● WHAT YOU HAVE TO DO
Reproduce the listing below exactly, except for its pictures.

● DATASET EXCERPT
• • • • • • •
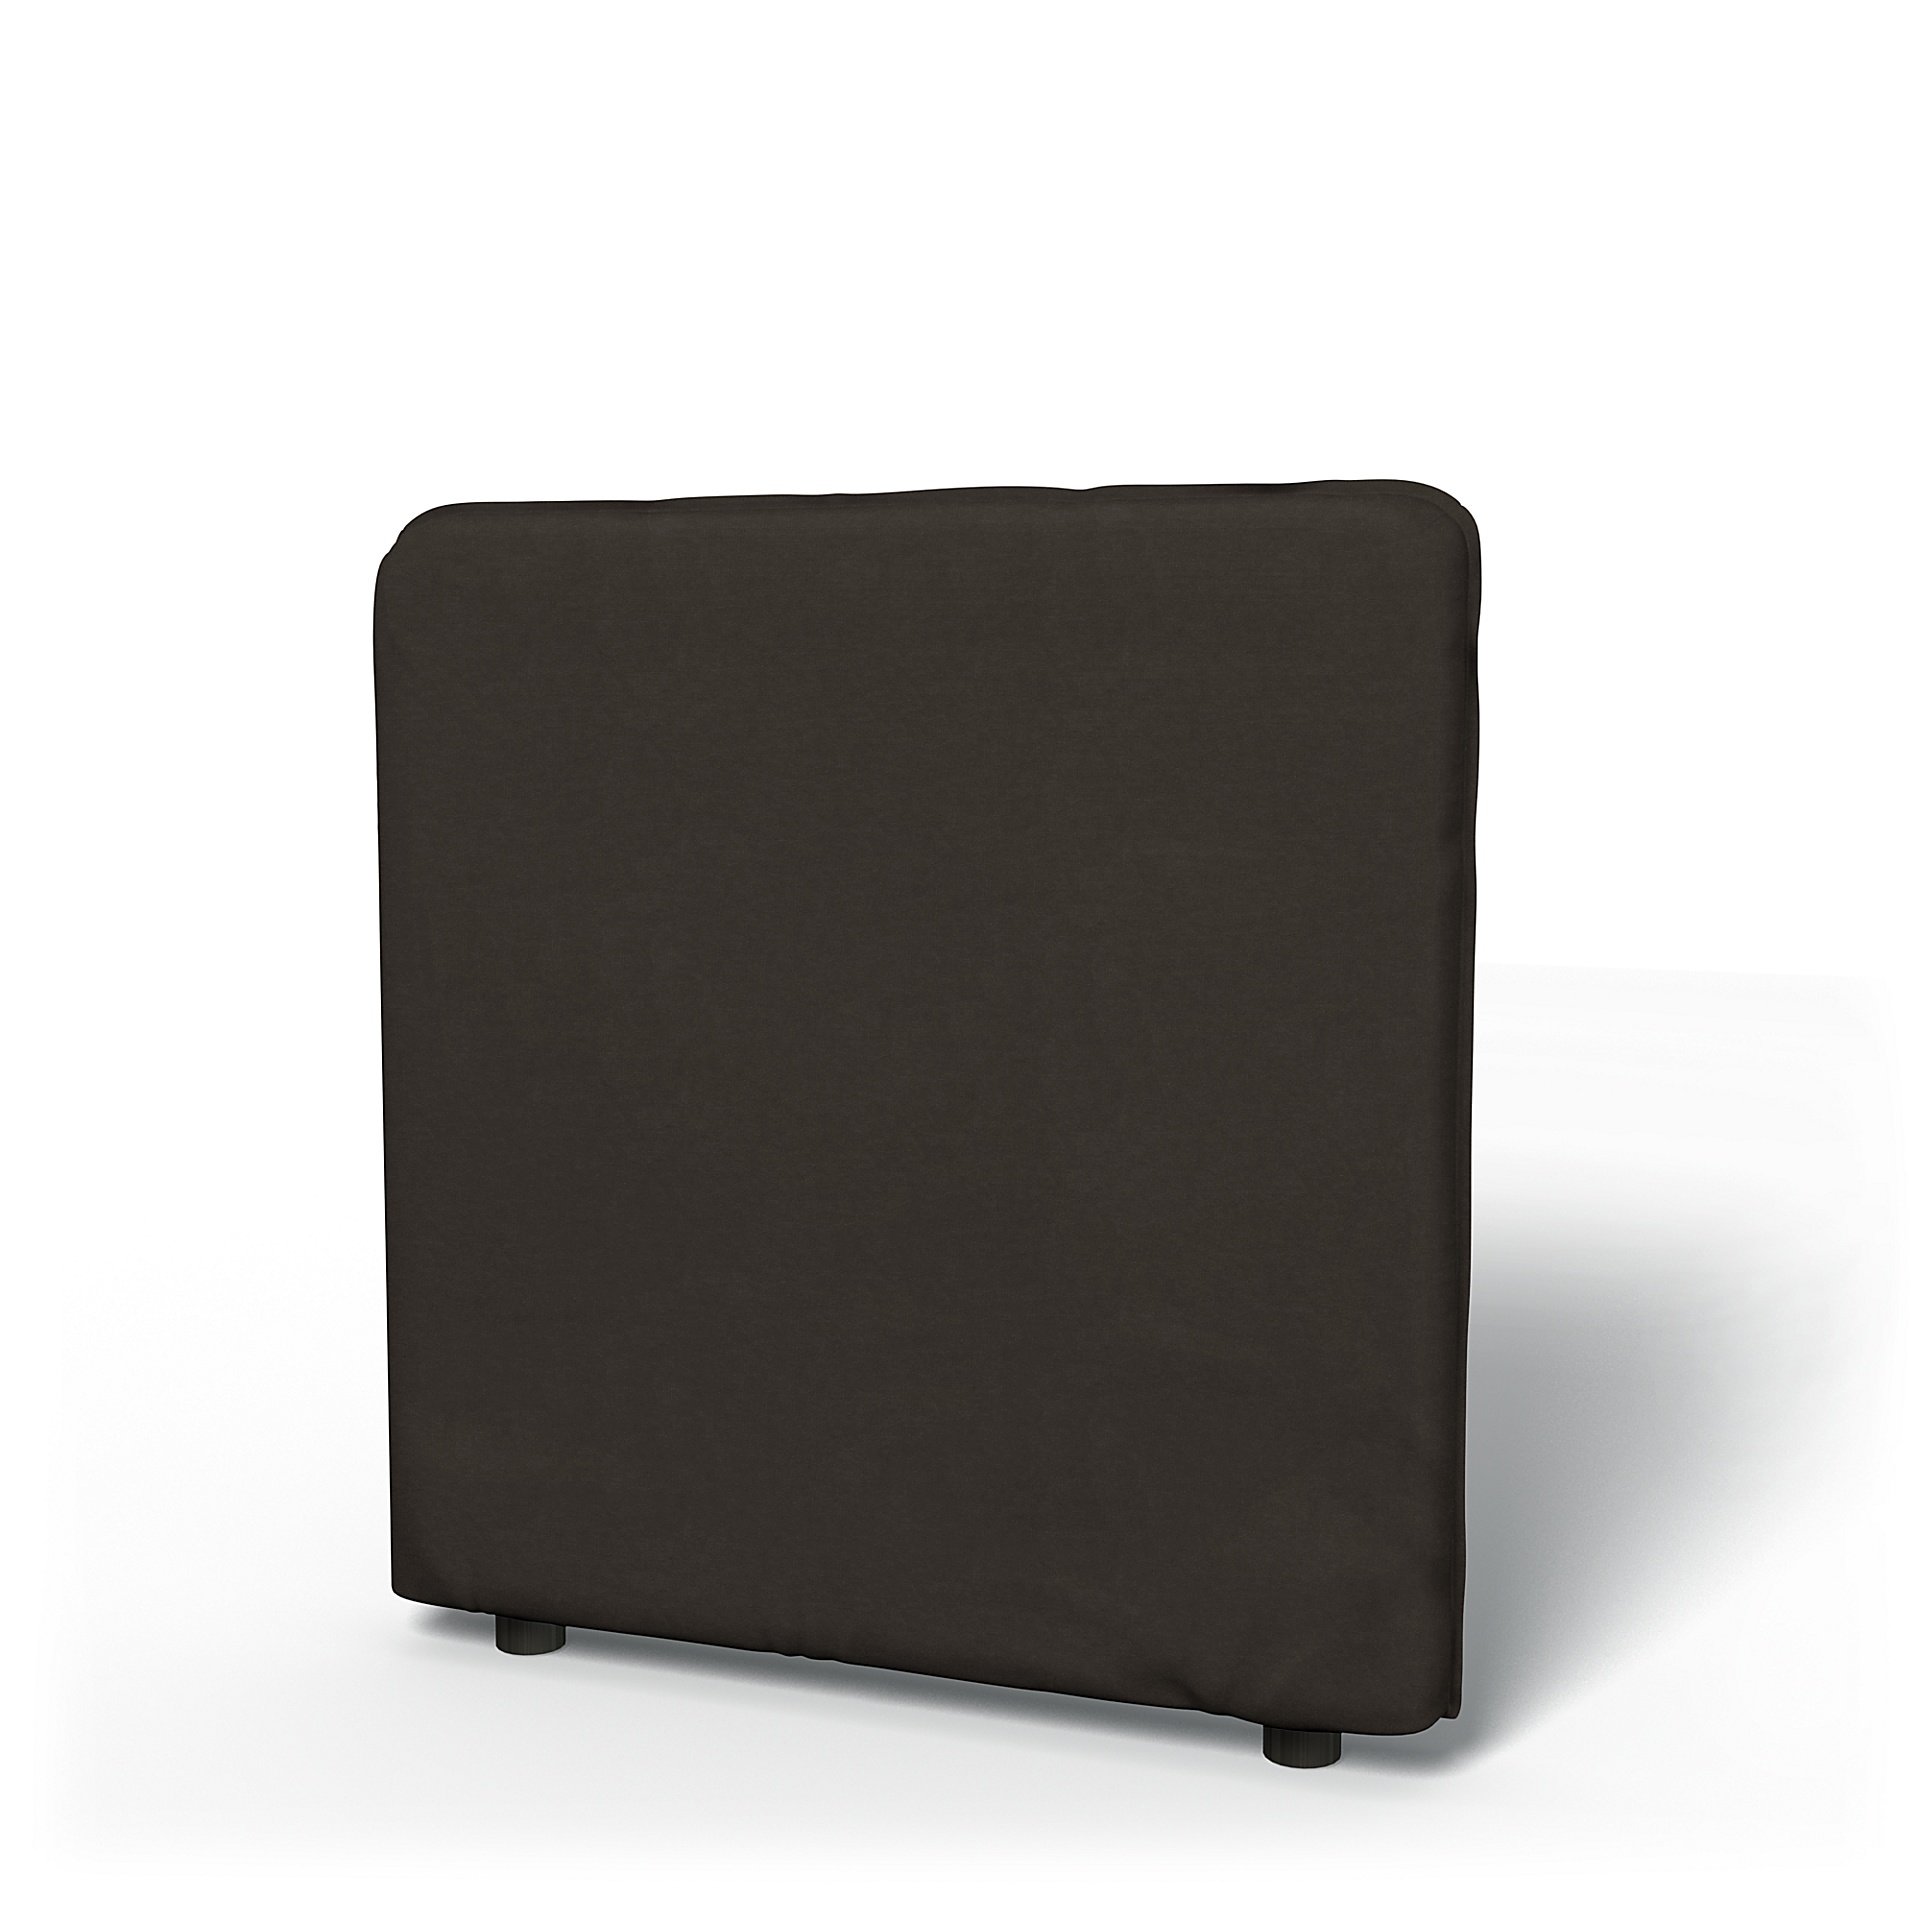 IKEA - Vallentuna Low Backrest Cover 80x80cm 32x32in, Licorice, Velvet - Bemz
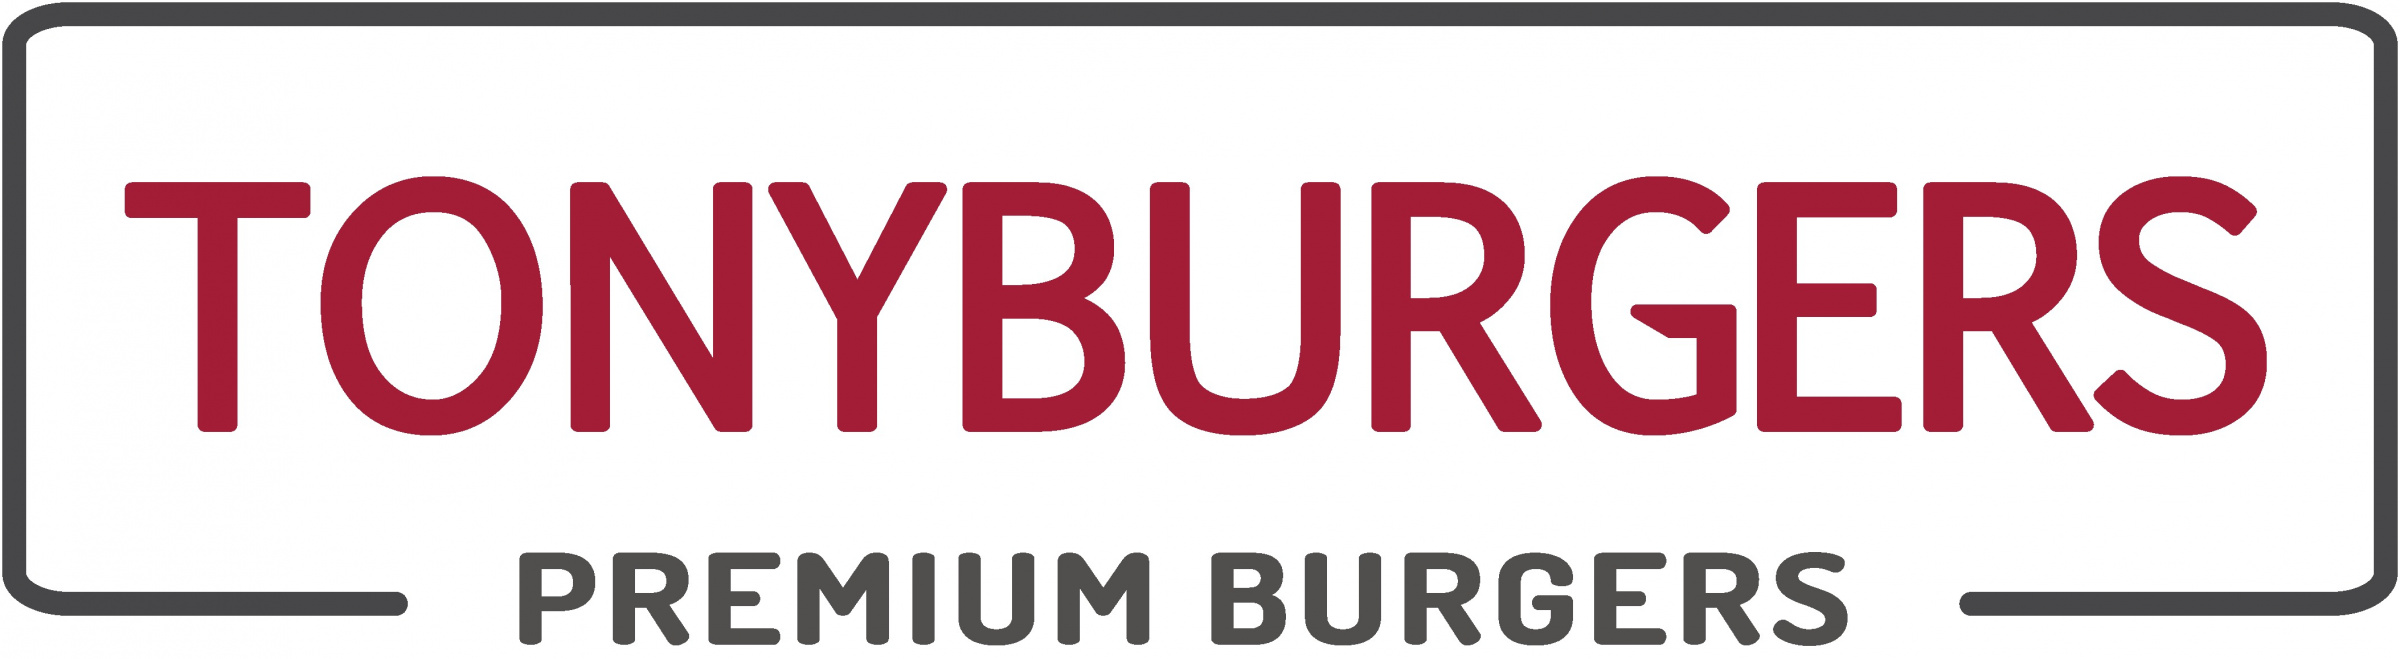 Tonyburgers logo
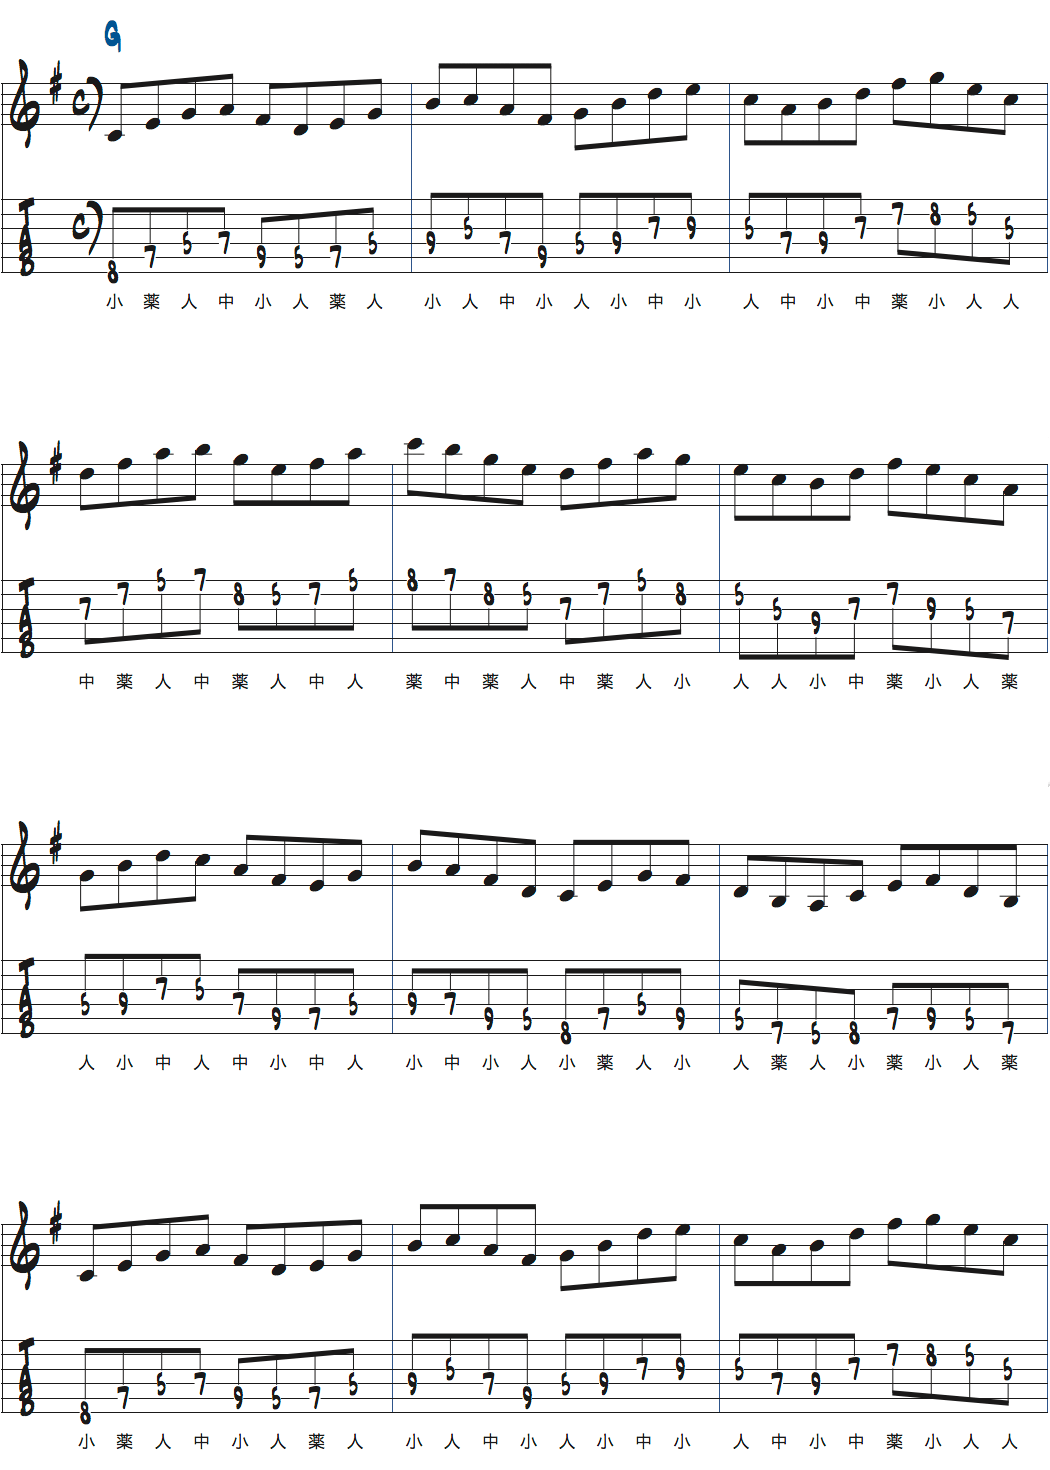 カートローゼンウィンケルのスケールウォーミングアップトライアドパターン3楽譜ページ1
• • • • • • •
● RESPONSE TO THE EXERCISE
 IKEA - Vallentuna Low Backrest Cover 80x80cm 32x32in, Licorice, Velvet - Bemz
 Tonyburgers logo
 カートローゼンウィンケルのスケールウォーミングアップトライアドパターン3楽譜ページ1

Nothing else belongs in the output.